■ Brief ■
For the listing below, the answer is an exact retyping of the lines from the one with "geo-solstice flyer" through the one with "vô địch châu", both included, without pictures.

■ Entries shown ■
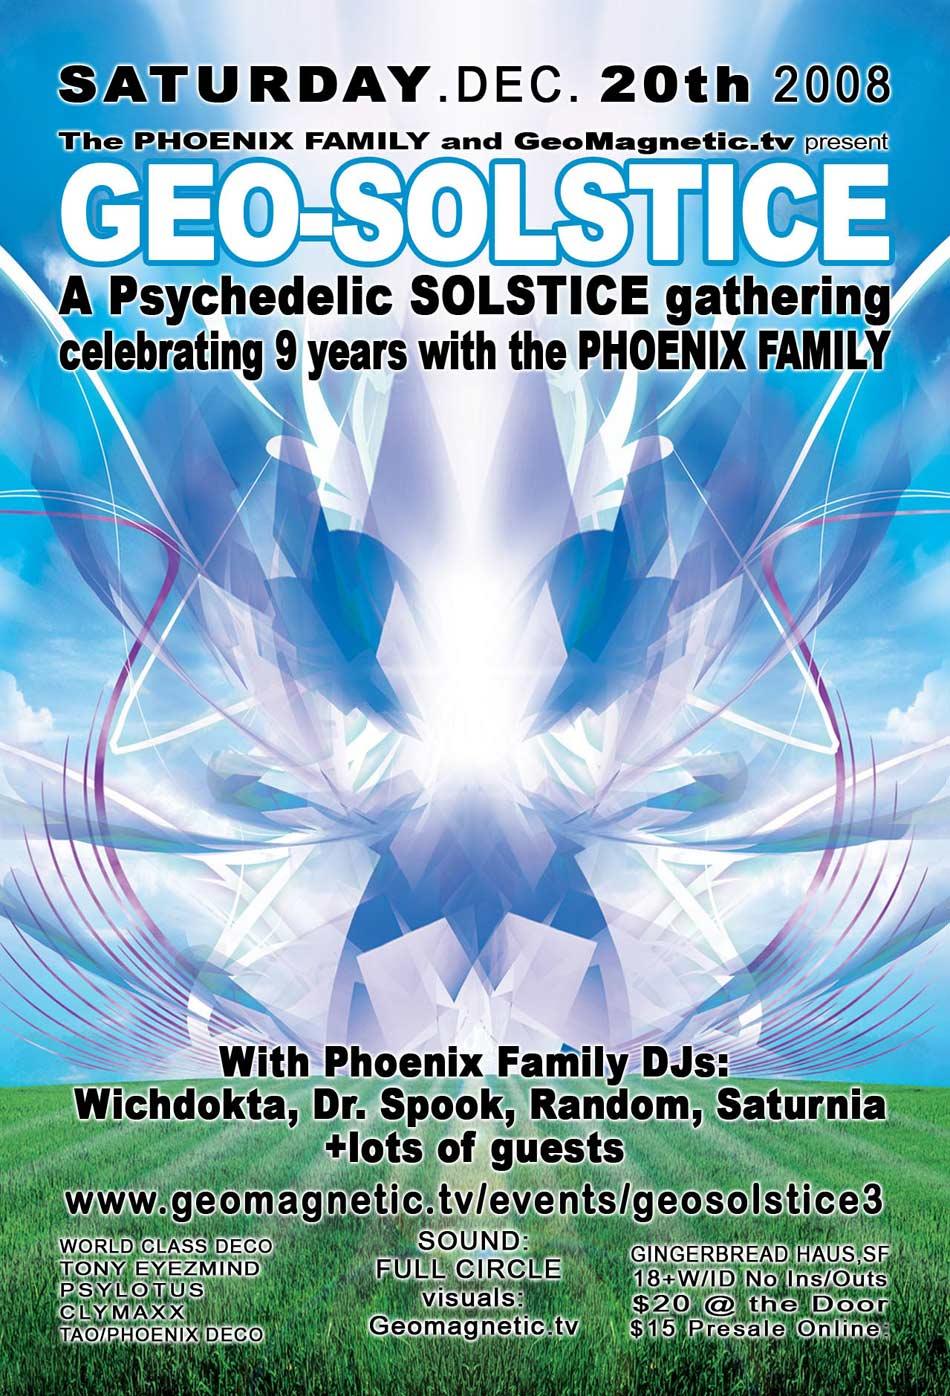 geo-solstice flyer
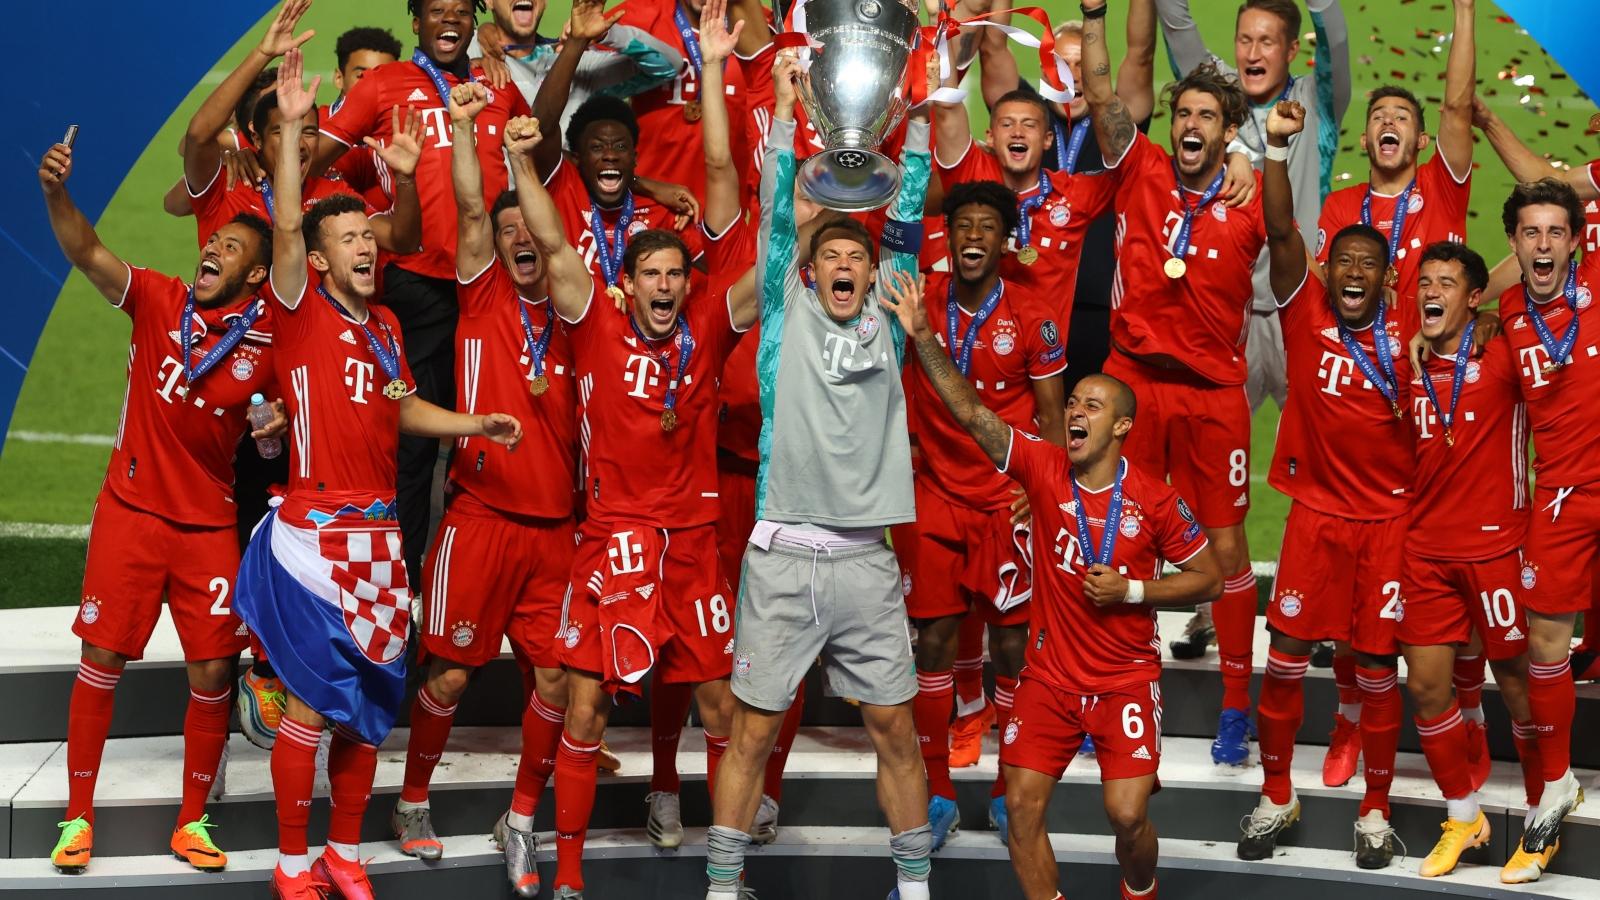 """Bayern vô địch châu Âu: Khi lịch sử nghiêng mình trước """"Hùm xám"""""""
==
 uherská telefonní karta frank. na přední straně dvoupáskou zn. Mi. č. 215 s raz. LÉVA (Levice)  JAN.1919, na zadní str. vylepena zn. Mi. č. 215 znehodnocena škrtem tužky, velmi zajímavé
...
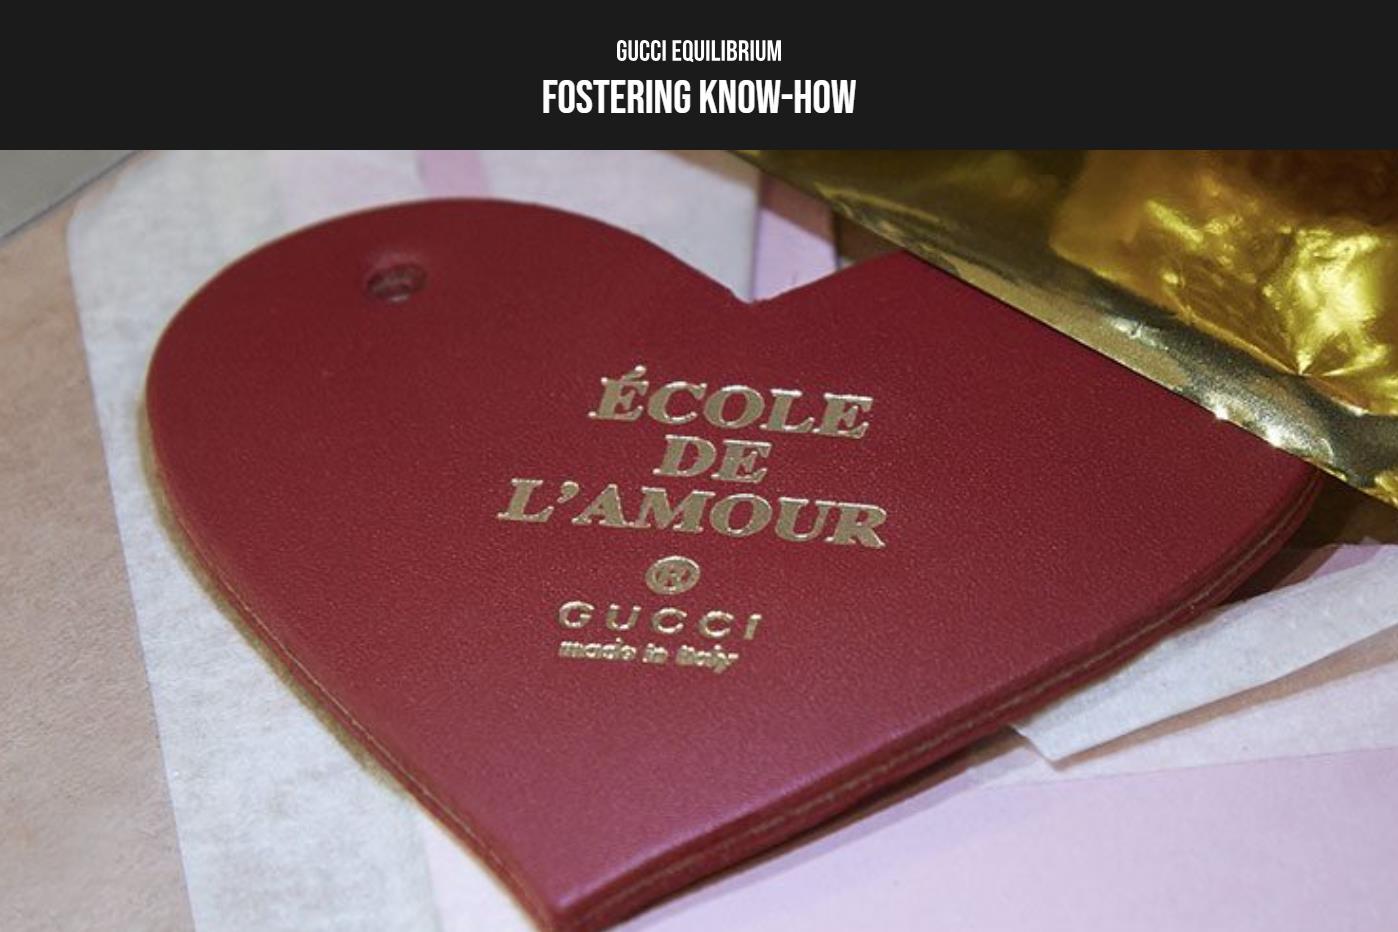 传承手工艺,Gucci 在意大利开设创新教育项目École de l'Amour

■ Output for this task ■
 geo-solstice flyer
 """Bayern vô địch châu Âu: Khi lịch sử nghiêng mình trước """"Hùm xám"""""""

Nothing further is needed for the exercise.